With every picture left out, give the data below back exactly.

(Beginning of Data shown)

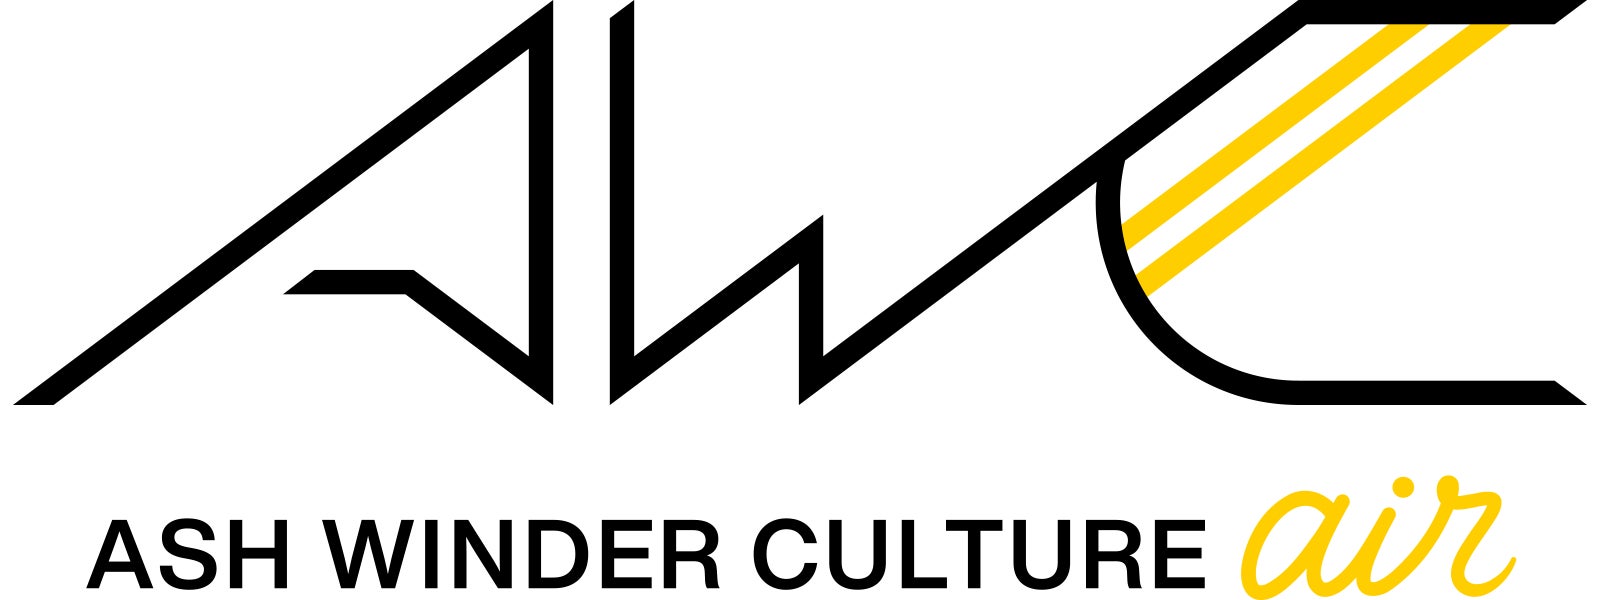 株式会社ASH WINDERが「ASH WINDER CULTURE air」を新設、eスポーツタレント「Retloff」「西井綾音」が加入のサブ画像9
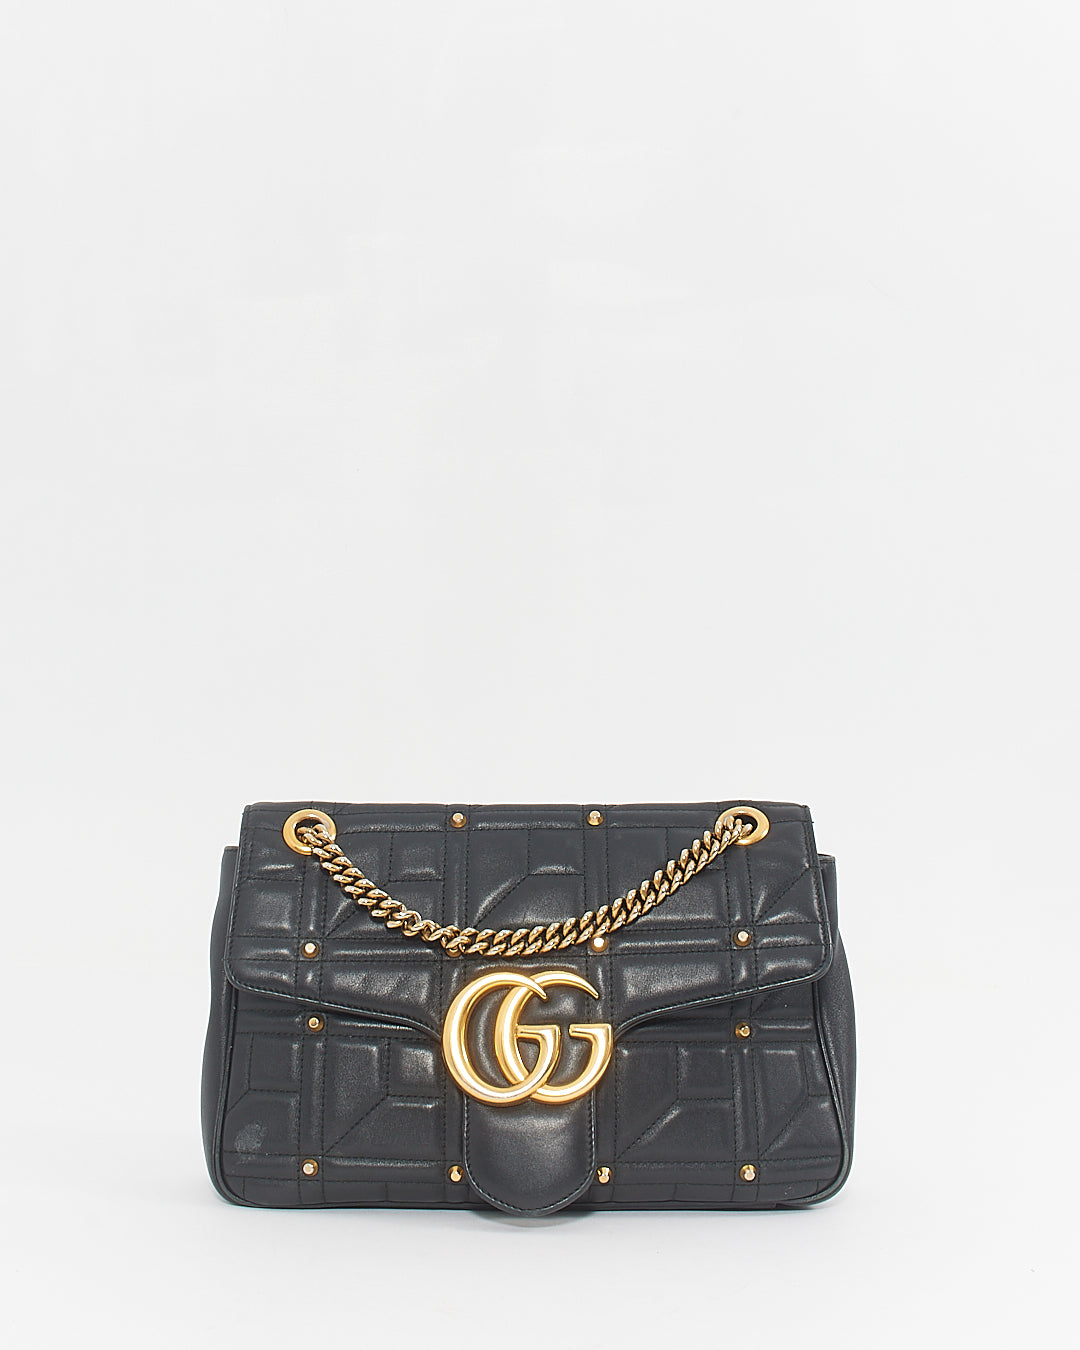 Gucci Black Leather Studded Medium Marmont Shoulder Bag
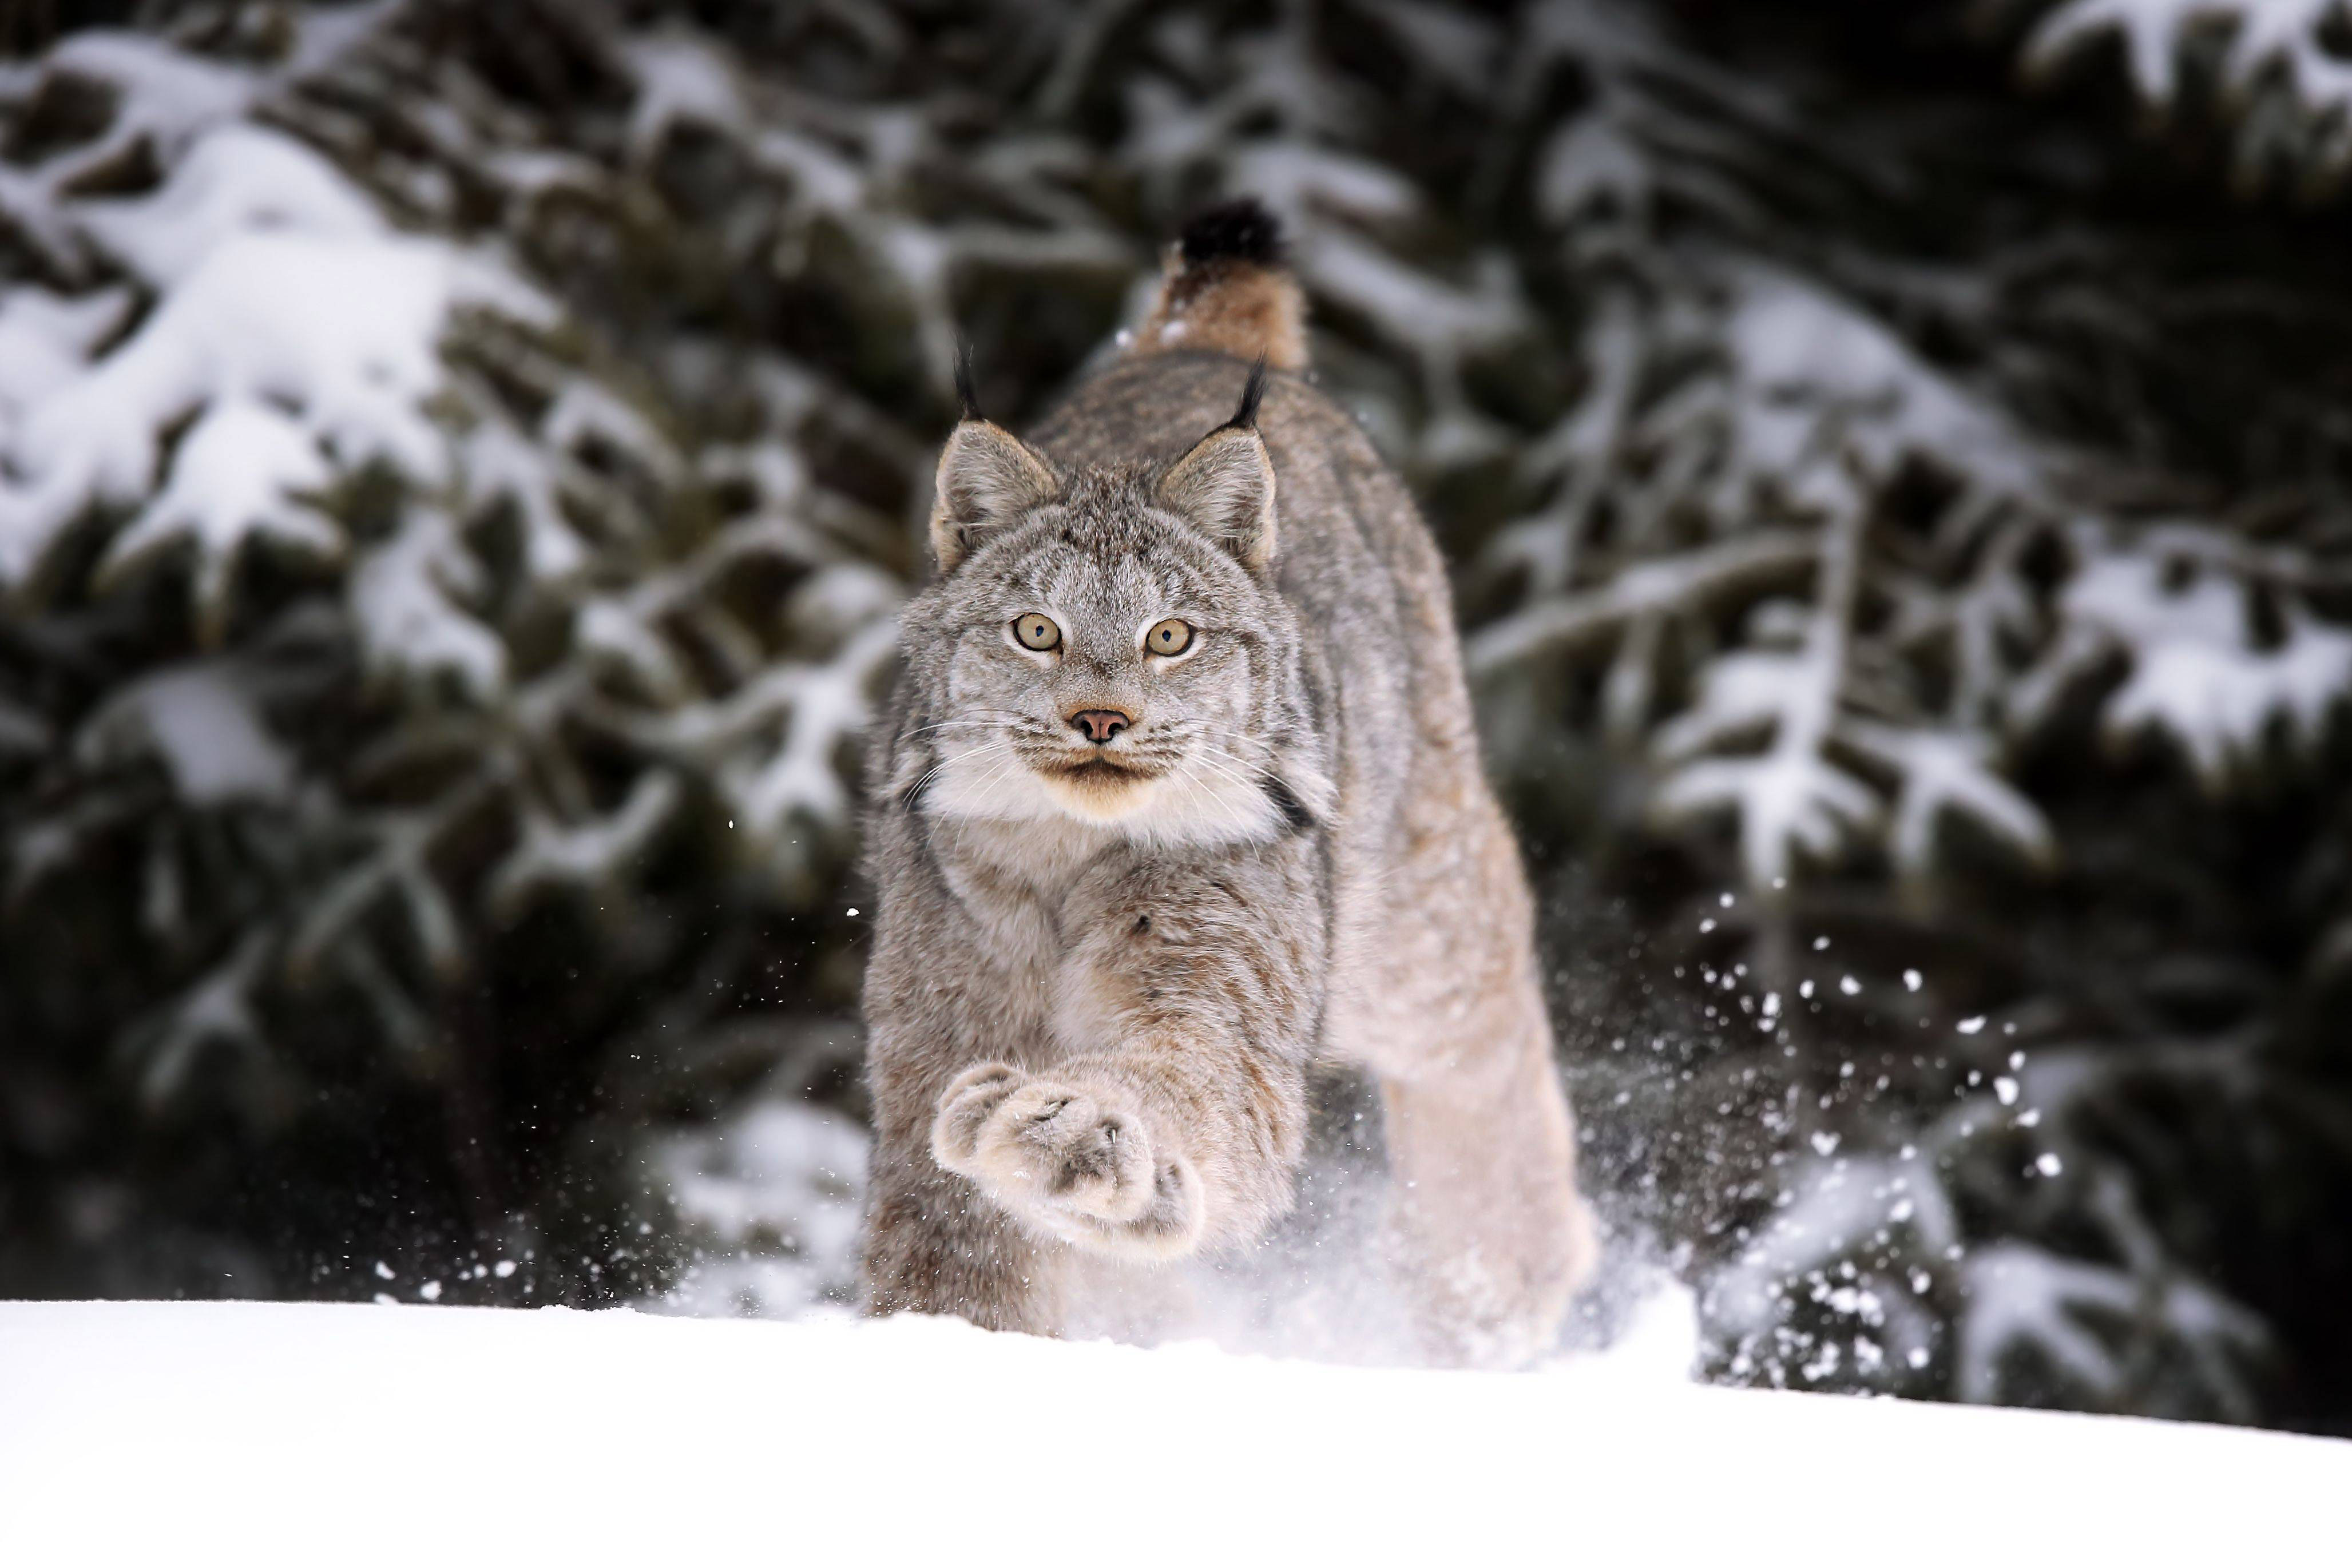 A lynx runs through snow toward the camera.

(End of Data shown)

• **Written answer**:
 株式会社ASH WINDERが「ASH WINDER CULTURE air」を新設、eスポーツタレント「Retloff」「西井綾音」が加入のサブ画像9
 Gucci Black Leather Studded Medium Marmont Shoulder Bag
 A lynx runs through snow toward the camera.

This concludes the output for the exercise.